Why is this? Simply speaking, a government can print its own money, through its central bank. The government produces money so it can never run out. It has no need to ever default. Assuming that the buyers of bonds have confidence that inflation will not devalue their savings, the government can always borrow to pay the interest and to keep spending. And in the last resort, the central bank can buy the bonds. Markets know this, which is why the interest rate on 10 year UK government debt fell below 1% per year after Brexit. Time and time again, the market proves that credible sovereign governments can borrow as much as they want at a reasonable rate; Japan being the obvious example with over 200% government debt to GDP (note that this is not true in the Eurozone, where the governments negligently gave away their necessary central bank functions to the ECB and now effectively borrow in a foreign currency). Frances Coppola actually argues that more government debt can be actually better than less because it allows savers safe assets to put their savings into.
Does that mean that the government can spend anything it wants? Absolutely not. There is a real resource constraint. In the end, the available labour in a country must be allocated somewhere. If a government, for example, spends more on the NHS then it must take labour from elsewhere. If the government spends too much money overall, then wages will rise and, in turn, so will the price of goods and services; we will get inflation.
But there are two important points here. The first is that the constraint on government spending is only the constraint on inflation. If domestic inflation is under 3% then, although one could argue that the government mis-spends (eg. too much on defence and not enough on education, or that it should spend less and tax less), one should not (in my opinion) argue that the government is running too large a deficit. Whatever deficit exists is a necessary deficit because it keeps enough money flowing through the economy to keep economic activity running smoothly. This idea is explained in more detail in this post.
If one accepts that the size of the debt doesn't matter assuming bond buyers are confident that the government keeps its inflation credibility, then it logically must follow that hitting the inflation target is the right level of borrowing....
The is only the first half. The rest is also excellent. It's a keeper.

Notes on the Next Bus
The Incalculable Cost of our Aversion to Government Debt
Ari Andricopoulos, principal at Dacharan Advisory AG, an investment manager, and PhD. in Financial Mathematics from Manchester University

See also

The Economy Simply Explained

1 comment:

peterc said...

Yes, very good post. See Neil's comment also.

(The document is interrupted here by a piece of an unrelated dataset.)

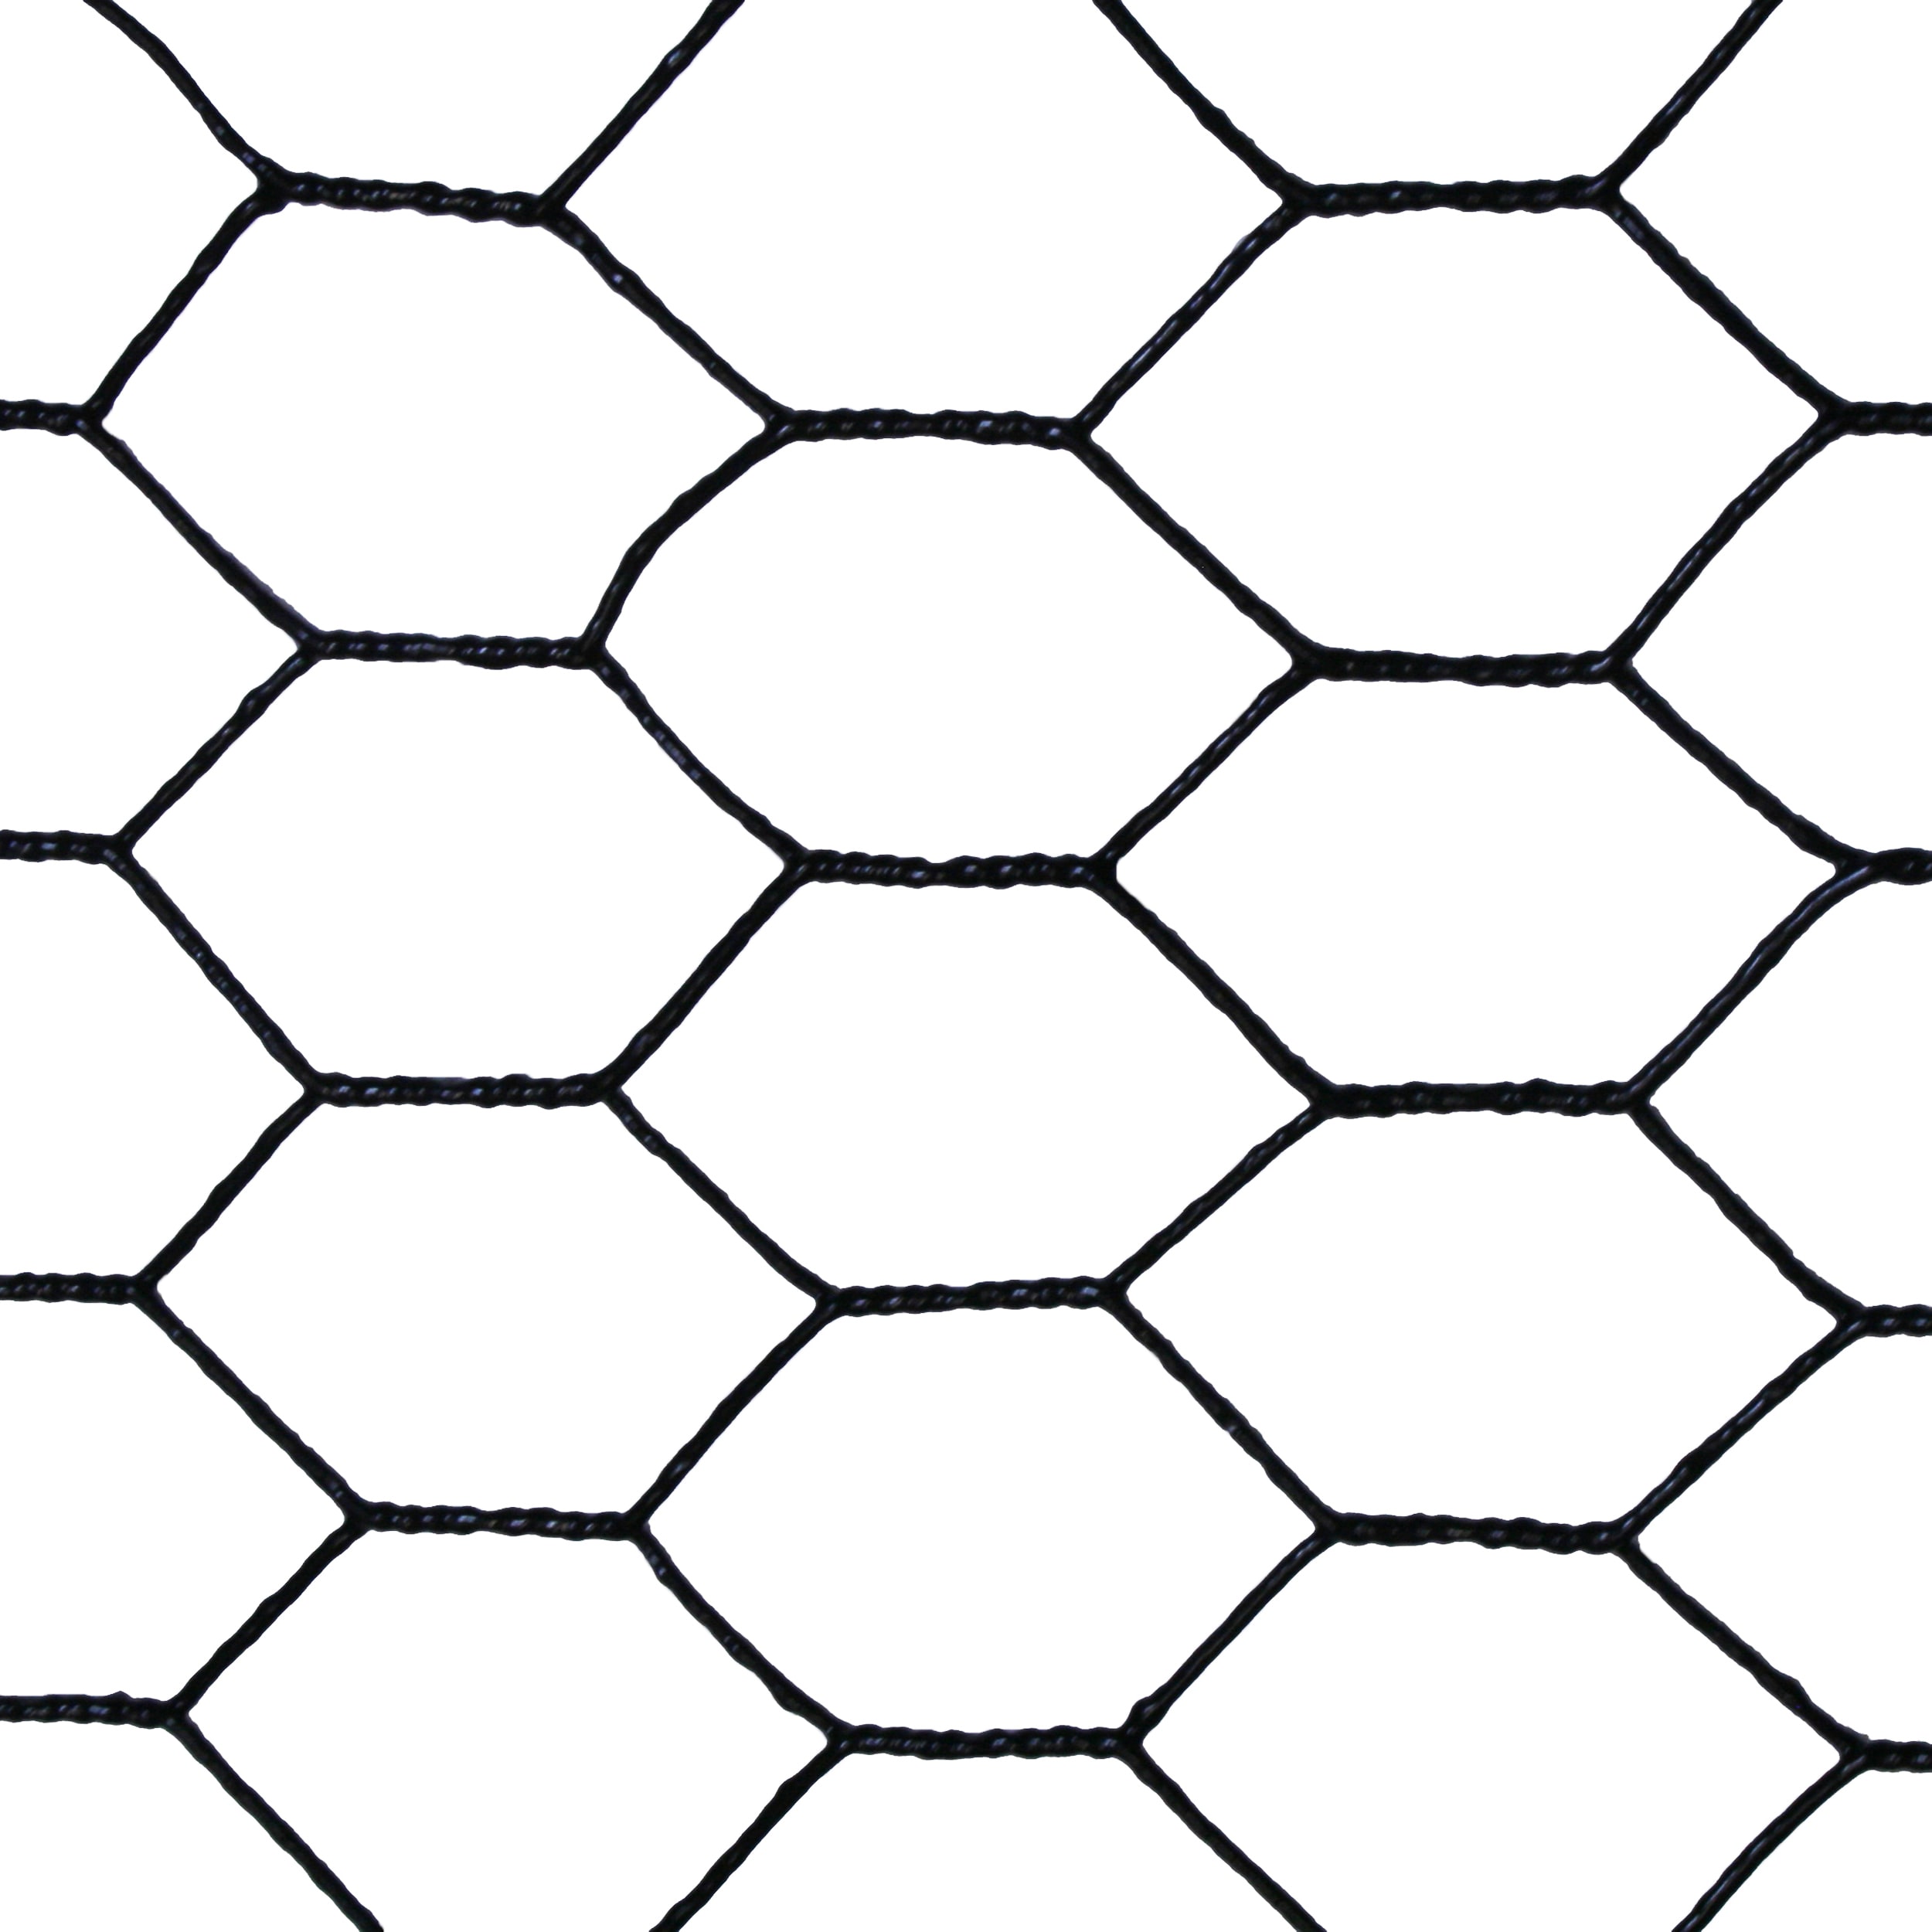 Fencer Wire NV19-B3X150MF34 150 ft. x 12 x 36 in. Vinyl Coated Hex Netting, Black

One point. My understanding, based on a paper by Scott Fullwiler and a post by Randall Wray, is that there is not actually an inflation credibility risk when it comes to selling new treasuries. (I agree of course that inflation and resources are the appropriate constraints on government spending. I am just questioning whether lack of inflation credibility could prevent treasury sales.)

The reason the new treasuries will sell, as I understand it, is due to the central bank's reserve add that occurs as part of the unnecessarily convoluted multi-step process of govt expenditure. Primary dealers are required to enter a repurchase agreement with the central bank. This adds reserves to the system prior to the treasury auction. Agents have a clear incentive to exchange the reserves for new treasuries provided the treasuries offer somewhat higher interest. Time to maturity can be kept as short as the govt wishes it to be. Not to purchase the new treasuries would mean forgoing interest.

(In any case, Neil points out that there is no requirement in the UK to issue bonds.)